The requirements of mentioned (fourth) Directive (EU) 2015/849 of the European Parliament and of the Council of 20 May 2015 (the AML Directive), will be transposed into Czech legislation by an amendment to Act No. 253/2008, on Certain Measures against Legalisation of Proceeds from Crime and Terrorist Financing (the AML Act). The amendment to the AML Act is currently waiting to be discussed in the Czech Senate and foresees numerous changes. However, the European Commission is already working on even stricter rules.

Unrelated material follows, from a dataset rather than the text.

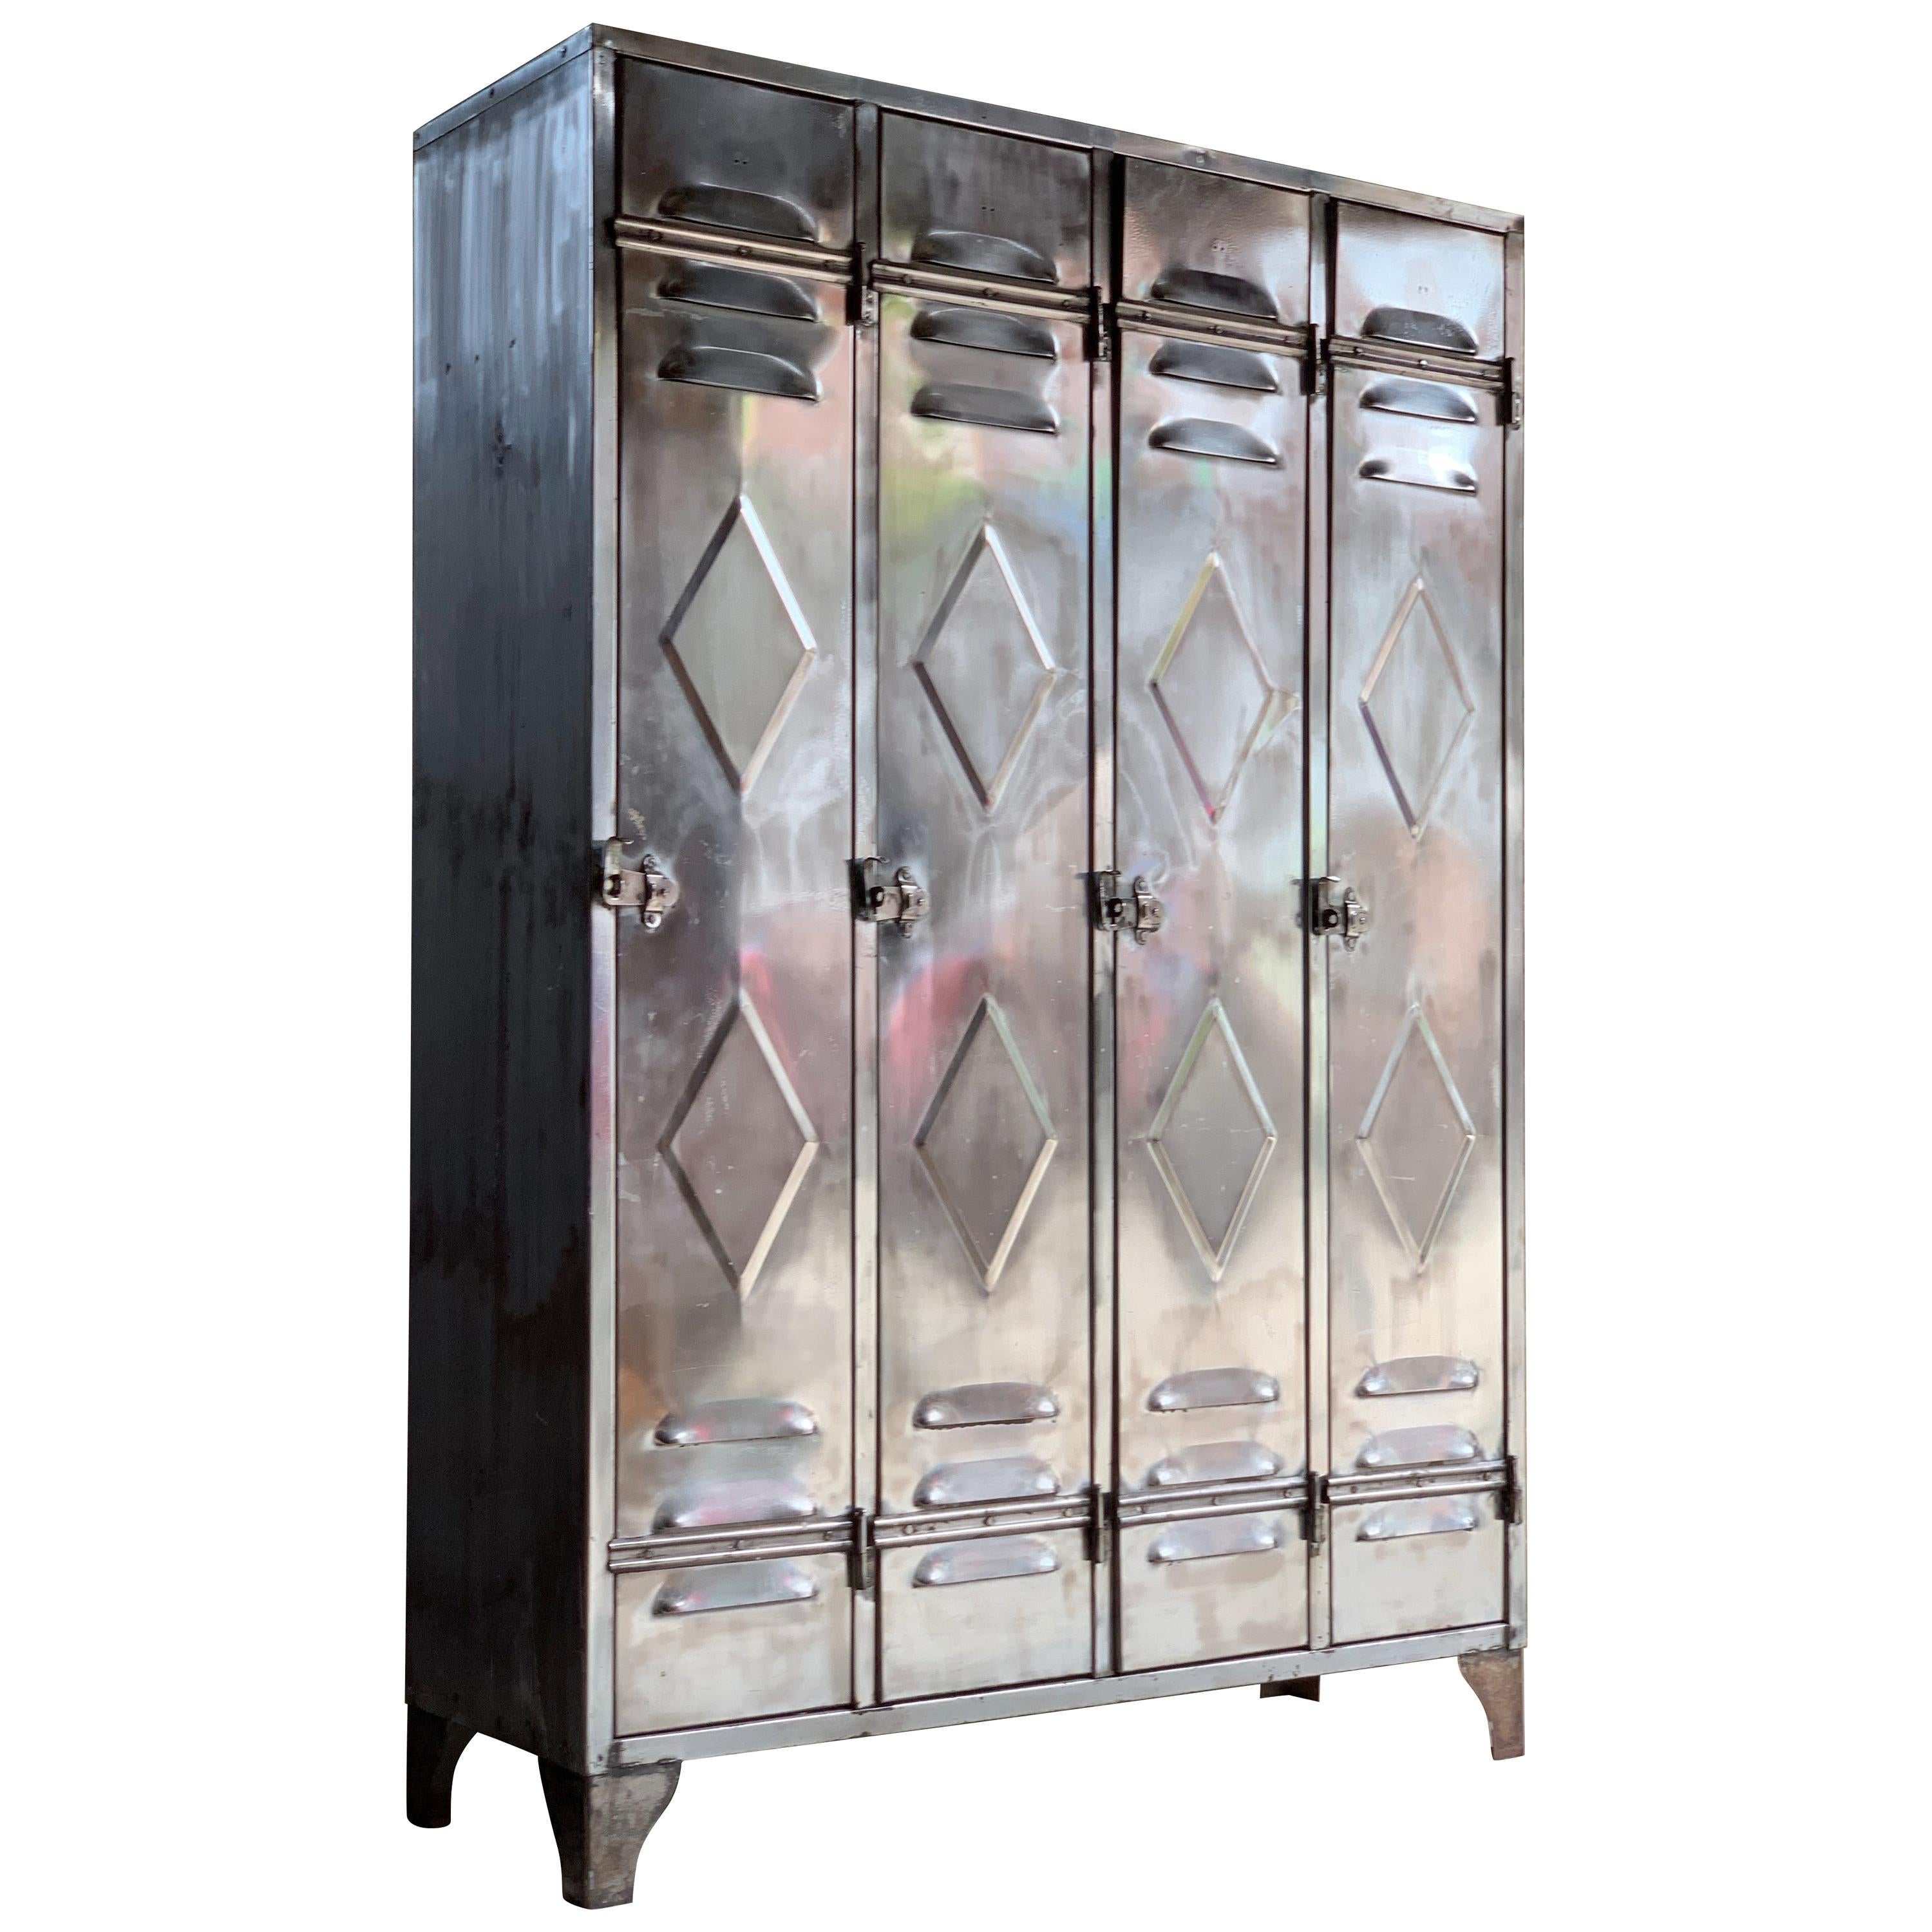 Magnificent mid-20th century industrial polished steel school lockers cabinets circa 1940, with four long double diamond embossed doors with upper and lower vents, each with shelf and two hanging hooks raised on shaped bracket supports, each door

For instance, the proposed amendment to the AML Directive considers platforms for the exchange of virtual currencies also to be obliged entities and sets maximum limits for transactions in some prepaid instruments. Apart from that, it empowers some financial intelligence units – in the Czech Republic the Financial Analytical Authority – to request information potentially concerning money laundering and terrorist financing from any obliged entity; under the proposed amendment, financial intelligence units should also be able to obtain information on bank accounts.

The proposed amendment to the AML Directive introduces a new approach also as regards information on beneficial owners, i.e. individuals who may, factually or legally, exercise control over legal entities. The amendment to the Czech AML Act transposing the AML Directive stipulates the record keeping of beneficial owner information as an auxiliary tool to meet an obliged entity’s duties under the AML Act. Although the records will be kept within the existing public register system maintained by the registration courts, they will not be publicly available at the moment; the records will be accessible in a different regime and only to bodies and entities specified by law. However, under the amended AML Directive, beneficial owner information should under certain circumstances and to a limited extent be publicly accessible.

Record keeping of information on beneficial owners of trusts, also required under the AML Directive, is provided for by an amendment to the Civil Code. The deputies practiced more restraint here, and the amendment so far has only passed the second reading, nearly a year since it was first submitted. However, the European Commission has now suggested that member states should implement the legal framework defined by the fourth AML Directive by 1 January 2017 at the latest, so that they can get ready for further changes ahead.